INSTRUCTIONS TO FOLLOW: Using the entries that follow, write out the line containing "Goccia Clothing moda uomo autunno inverno 1", the line containing "c15a12fcdb698 Compre Óculos", and every line between them, exactly and nothing else.

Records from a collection
----
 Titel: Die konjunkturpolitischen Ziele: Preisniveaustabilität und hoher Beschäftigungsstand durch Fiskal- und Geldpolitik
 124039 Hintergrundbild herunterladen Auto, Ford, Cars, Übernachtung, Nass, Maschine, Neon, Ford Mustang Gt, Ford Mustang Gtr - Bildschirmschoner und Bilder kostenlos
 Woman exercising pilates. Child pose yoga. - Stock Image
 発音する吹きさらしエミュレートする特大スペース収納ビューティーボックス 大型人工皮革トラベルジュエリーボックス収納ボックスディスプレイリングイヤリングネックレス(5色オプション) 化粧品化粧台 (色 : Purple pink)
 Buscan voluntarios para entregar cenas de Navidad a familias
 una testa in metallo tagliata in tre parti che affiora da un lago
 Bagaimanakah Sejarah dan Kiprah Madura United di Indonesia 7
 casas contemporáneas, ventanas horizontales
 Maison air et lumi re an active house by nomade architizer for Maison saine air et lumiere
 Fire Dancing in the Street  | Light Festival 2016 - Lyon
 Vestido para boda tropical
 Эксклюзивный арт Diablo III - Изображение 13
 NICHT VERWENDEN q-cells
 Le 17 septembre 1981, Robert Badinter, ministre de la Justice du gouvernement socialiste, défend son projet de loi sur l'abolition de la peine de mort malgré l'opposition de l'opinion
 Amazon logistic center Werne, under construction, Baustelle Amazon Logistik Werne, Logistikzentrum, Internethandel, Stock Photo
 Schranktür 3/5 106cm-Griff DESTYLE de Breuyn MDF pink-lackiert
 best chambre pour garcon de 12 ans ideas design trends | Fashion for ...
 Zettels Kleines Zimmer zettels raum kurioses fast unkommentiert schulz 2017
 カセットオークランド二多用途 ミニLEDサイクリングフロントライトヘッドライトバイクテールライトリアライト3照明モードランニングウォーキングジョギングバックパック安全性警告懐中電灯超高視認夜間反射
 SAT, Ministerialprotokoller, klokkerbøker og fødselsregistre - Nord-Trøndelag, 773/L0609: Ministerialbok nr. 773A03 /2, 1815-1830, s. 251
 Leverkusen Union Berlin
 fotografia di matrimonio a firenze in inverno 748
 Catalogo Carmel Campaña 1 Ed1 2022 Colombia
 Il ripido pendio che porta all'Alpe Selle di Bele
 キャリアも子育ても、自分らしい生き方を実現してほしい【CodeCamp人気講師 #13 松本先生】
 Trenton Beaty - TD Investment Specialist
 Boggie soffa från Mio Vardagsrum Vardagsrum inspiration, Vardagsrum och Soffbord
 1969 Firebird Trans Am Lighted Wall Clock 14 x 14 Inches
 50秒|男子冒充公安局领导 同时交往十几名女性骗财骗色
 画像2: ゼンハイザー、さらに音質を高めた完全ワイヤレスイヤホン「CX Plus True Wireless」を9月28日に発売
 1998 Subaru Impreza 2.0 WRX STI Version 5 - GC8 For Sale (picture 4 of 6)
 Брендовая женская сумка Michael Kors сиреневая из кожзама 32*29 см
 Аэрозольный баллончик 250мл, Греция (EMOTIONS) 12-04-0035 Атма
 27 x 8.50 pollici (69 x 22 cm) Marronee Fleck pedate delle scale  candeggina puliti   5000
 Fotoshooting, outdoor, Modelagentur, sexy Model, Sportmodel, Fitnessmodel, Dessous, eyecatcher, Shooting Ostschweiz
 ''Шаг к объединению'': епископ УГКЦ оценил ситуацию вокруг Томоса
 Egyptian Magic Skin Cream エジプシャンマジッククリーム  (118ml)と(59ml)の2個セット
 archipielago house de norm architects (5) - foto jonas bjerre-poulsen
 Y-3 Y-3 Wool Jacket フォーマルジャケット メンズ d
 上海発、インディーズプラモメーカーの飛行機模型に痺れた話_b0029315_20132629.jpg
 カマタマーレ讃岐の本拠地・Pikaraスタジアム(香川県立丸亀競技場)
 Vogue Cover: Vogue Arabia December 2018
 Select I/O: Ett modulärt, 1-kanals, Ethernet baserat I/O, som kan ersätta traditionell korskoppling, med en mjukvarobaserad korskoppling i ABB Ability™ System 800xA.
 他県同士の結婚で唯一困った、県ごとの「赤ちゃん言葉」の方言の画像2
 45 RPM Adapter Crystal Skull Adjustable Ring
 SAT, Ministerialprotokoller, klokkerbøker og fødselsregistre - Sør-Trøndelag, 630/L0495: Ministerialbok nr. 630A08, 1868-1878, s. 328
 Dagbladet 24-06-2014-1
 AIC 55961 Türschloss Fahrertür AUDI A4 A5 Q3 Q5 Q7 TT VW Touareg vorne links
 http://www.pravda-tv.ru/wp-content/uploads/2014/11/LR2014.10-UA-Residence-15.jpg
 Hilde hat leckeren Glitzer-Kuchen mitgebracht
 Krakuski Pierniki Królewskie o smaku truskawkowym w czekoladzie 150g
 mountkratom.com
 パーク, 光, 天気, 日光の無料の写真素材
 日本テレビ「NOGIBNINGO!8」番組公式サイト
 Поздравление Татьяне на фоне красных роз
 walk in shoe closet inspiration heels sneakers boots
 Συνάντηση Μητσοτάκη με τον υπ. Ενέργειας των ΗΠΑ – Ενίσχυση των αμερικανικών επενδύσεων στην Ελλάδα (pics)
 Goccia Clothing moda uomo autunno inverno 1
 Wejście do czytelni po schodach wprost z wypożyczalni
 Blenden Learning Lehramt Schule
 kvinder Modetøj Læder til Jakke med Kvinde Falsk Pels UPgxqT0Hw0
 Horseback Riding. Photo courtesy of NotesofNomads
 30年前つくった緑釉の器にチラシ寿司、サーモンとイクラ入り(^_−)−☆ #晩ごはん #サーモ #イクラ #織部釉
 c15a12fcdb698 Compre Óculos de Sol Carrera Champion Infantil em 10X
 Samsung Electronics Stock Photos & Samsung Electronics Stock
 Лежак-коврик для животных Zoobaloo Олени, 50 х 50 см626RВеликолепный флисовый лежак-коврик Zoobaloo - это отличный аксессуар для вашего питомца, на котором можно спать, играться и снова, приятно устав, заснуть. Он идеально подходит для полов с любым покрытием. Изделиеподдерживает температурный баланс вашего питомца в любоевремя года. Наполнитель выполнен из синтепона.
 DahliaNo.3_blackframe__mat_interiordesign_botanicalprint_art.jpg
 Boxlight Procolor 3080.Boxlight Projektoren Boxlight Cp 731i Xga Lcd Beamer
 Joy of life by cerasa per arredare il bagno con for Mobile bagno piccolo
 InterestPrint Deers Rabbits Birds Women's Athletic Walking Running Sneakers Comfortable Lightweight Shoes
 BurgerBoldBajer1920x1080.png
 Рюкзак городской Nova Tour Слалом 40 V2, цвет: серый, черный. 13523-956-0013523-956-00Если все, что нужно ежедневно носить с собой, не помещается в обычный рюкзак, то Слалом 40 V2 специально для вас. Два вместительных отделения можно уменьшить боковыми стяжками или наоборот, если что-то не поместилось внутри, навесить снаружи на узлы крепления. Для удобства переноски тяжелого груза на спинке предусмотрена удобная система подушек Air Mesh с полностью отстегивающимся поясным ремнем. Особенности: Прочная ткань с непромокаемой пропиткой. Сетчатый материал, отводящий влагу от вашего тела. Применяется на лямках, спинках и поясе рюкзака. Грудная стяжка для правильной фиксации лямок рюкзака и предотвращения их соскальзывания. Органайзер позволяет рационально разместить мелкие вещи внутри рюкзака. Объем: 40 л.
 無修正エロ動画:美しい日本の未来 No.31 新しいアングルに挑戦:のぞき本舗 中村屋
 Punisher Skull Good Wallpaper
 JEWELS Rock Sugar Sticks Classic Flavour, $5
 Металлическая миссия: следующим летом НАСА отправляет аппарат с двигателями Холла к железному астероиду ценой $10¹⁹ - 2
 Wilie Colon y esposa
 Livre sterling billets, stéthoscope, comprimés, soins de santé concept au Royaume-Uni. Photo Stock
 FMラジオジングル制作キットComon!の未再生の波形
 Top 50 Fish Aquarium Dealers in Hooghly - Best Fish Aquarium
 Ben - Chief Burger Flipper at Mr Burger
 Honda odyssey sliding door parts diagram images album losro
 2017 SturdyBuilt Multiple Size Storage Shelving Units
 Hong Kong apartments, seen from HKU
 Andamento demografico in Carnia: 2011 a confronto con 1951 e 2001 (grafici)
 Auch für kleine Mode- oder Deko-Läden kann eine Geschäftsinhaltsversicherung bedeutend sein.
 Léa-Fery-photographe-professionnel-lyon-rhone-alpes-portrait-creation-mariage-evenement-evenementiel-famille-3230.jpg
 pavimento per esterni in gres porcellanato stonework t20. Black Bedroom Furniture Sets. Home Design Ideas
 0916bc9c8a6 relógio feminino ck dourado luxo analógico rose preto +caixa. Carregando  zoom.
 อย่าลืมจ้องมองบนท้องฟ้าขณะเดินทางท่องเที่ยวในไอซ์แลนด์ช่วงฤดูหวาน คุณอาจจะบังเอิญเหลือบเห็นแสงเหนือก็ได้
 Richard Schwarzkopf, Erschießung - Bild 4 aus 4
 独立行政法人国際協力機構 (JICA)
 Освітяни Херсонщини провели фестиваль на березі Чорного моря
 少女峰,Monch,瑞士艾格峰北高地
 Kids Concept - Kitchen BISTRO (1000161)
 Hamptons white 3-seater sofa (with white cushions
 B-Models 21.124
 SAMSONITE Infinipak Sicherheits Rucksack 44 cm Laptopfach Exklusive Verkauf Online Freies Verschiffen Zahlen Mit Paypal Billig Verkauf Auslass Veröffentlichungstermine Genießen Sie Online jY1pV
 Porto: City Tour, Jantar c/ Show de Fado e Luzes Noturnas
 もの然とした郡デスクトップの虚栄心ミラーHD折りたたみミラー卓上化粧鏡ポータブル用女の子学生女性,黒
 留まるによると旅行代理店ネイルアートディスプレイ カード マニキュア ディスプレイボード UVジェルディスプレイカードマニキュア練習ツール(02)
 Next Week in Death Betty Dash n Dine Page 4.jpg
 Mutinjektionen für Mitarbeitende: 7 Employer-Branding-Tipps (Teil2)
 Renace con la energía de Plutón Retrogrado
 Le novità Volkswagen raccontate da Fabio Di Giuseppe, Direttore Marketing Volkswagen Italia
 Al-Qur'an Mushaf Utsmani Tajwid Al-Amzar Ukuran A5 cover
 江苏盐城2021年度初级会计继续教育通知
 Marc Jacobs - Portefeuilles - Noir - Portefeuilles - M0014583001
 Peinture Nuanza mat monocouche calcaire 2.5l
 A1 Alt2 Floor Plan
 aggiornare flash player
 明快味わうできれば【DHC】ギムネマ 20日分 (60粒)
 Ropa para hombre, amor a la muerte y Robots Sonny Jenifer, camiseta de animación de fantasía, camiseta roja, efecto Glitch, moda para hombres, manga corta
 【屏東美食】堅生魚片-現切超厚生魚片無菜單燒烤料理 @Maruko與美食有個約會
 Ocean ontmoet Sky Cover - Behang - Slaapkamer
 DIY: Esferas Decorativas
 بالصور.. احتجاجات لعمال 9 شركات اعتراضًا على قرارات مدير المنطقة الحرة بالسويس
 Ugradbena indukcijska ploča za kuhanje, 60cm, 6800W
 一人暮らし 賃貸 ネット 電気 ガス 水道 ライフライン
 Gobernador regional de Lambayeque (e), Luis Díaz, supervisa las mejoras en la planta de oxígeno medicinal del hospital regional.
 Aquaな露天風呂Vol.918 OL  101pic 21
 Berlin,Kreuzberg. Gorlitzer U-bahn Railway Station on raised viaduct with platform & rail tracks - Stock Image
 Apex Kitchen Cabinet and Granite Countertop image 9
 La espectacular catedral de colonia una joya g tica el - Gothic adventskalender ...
----
TASK OUTPUT:
 Goccia Clothing moda uomo autunno inverno 1
 Wejście do czytelni po schodach wprost z wypożyczalni
 Blenden Learning Lehramt Schule
 kvinder Modetøj Læder til Jakke med Kvinde Falsk Pels UPgxqT0Hw0
 Horseback Riding. Photo courtesy of NotesofNomads
 30年前つくった緑釉の器にチラシ寿司、サーモンとイクラ入り(^_−)−☆ #晩ごはん #サーモ #イクラ #織部釉
 c15a12fcdb698 Compre Óculos de Sol Carrera Champion Infantil em 10X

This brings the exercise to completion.